Script Secrets: I've Seen That Before | Part I
December 4, 2015
by William C. Martell
Imagine eating a McDonald’s Big Mac for every meal for the rest of your life. Aside from whatever health problems this might cause, how long would it be until you got bored of the food and stopped tasting it? You eat one Big Mac, you have eaten them all... they taste exactly the same. The same is true with anything in your screenplay: if we’ve seen it before, it becomes boring. In both my “Secrets Of Action Screenwriting” and “Scenes Blue Book” I caution against scenes we’ve seen before... generic scenes that could be in any movie and are not specific to *this* story or scenes we actually have seen in some other film. We want our screenplay to contain “all original parts”! This becomes even more important when we realize most screenwriting is within some genre where there are thousands of existing movies which have done that story beat on screen before. It’s a romcom and you need a “meet cute”... what hasn’t been done before?
One of the things many people have said about MAD MAX: FURY ROAD is that it’s all one car chase. Though that is false, it’s really a series of a whole bunch of car chases... how do you make sure the scenes in a story like this are all unique and interesting when they are all *car chases*? You’ve seen one car chase, you’ve seen them all, right?
Wrong.
Or, should be wrong. Our job as screenwriters is to make every single scene unique, even if our story is made up of a bunch of car chase scenes. So let’s take a look at the latest Mad Max movie and see how they made each scene unique...
CHASE STORY
Some of you may be wondering how a screenplay can be one long chase scene (or a series of chase scenes), so let’s start there. No one ever seemed to raise that issue with NORTH BY NORTHWEST (1959) or THE 39 STEPS (1935) or THE FUGITIVE (1993) or even THE FUGITIVE TV series which ran four years and 120 episodes (102 hours after you subtract the commercials)... and was all a chase. Chase stories are nothing new in cinema, but this is the first time the Mad Max series has used one, despite being all about cool cars in a post nuclear future where people kill for gasoline.
The story opens with Max (Tom Hardy), haunted by the murder of his wife and child, captured by one of Immortan Joe’s (Hugh Keays-Byrne who played Toe Cutter in MAD MAX) raiding parties and taken to the villain’s stronghold, The Citadel.

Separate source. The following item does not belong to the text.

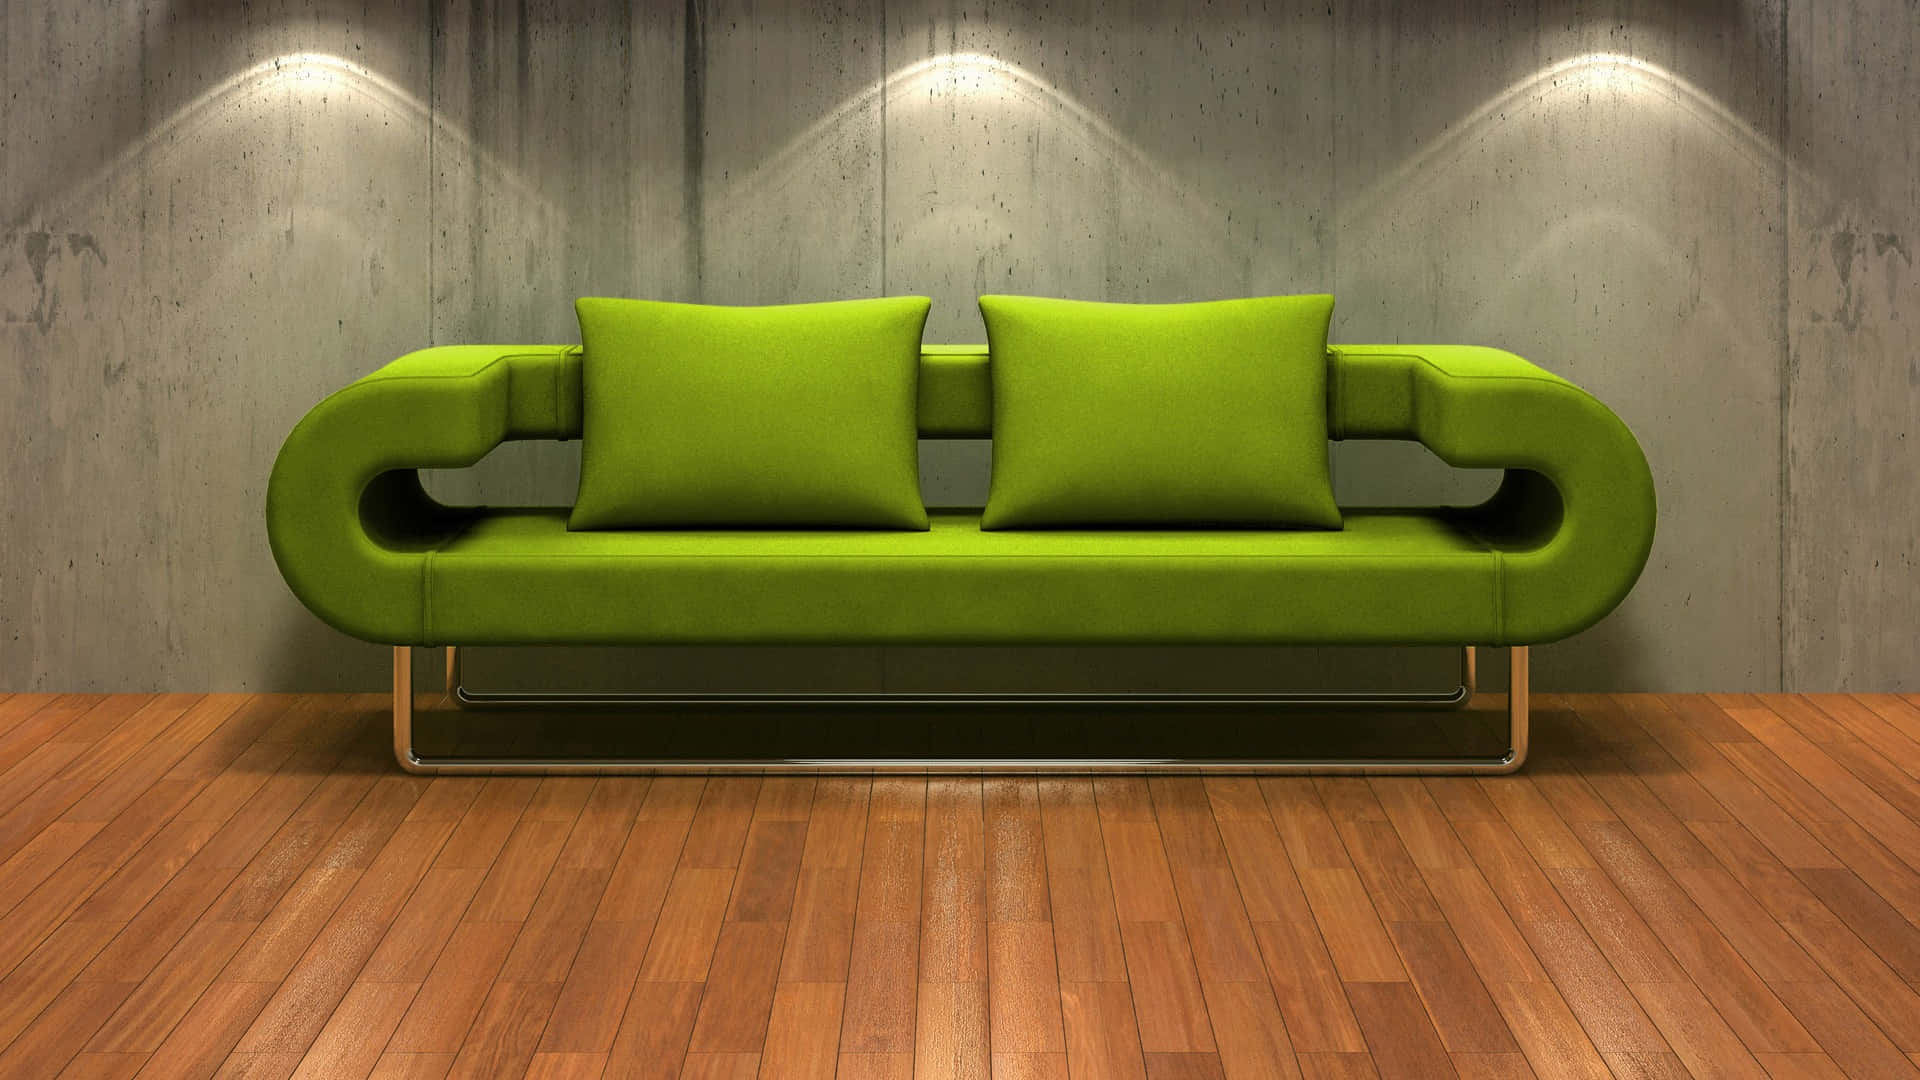 Furniture Interion Design Couch Background

Joe is an evil dictator who uses his water well and rationing to subjugate his people, and keeps an army of “War Boys” (pale, cancerous, radiation poisoned men raised from birth to die for their leader). Joe also has a harem of wives locked up so that none can escape before they can bear him an heir... and a handful of trusted Lieutenants (Imperators) lead by the one armed Furiosa (Charlize Theron). When Furiosa is tasked with a “milk run” to deliver supplies to the Gas Town and the Bullet Farm and pick up supplies for the Citadel... she drives her huge tanker truck War Wagon off course... and makes a run for it. She has the five wives hidden away inside, and all six women are looking for freedom. When War Boy Nux (Nicholas Hoult) needs a transfusion to stay alive, Max becomes his human “blood bag” and ends up being taken into battle after Joe discovers his brides missing and sends his troops to chase down Furiosa. And that’s the story: Joe and his War Boys chase Furiosa and the Runaway Brides through the desert, with Max mounted on the front of Nux’s car like the figurehead on a ship...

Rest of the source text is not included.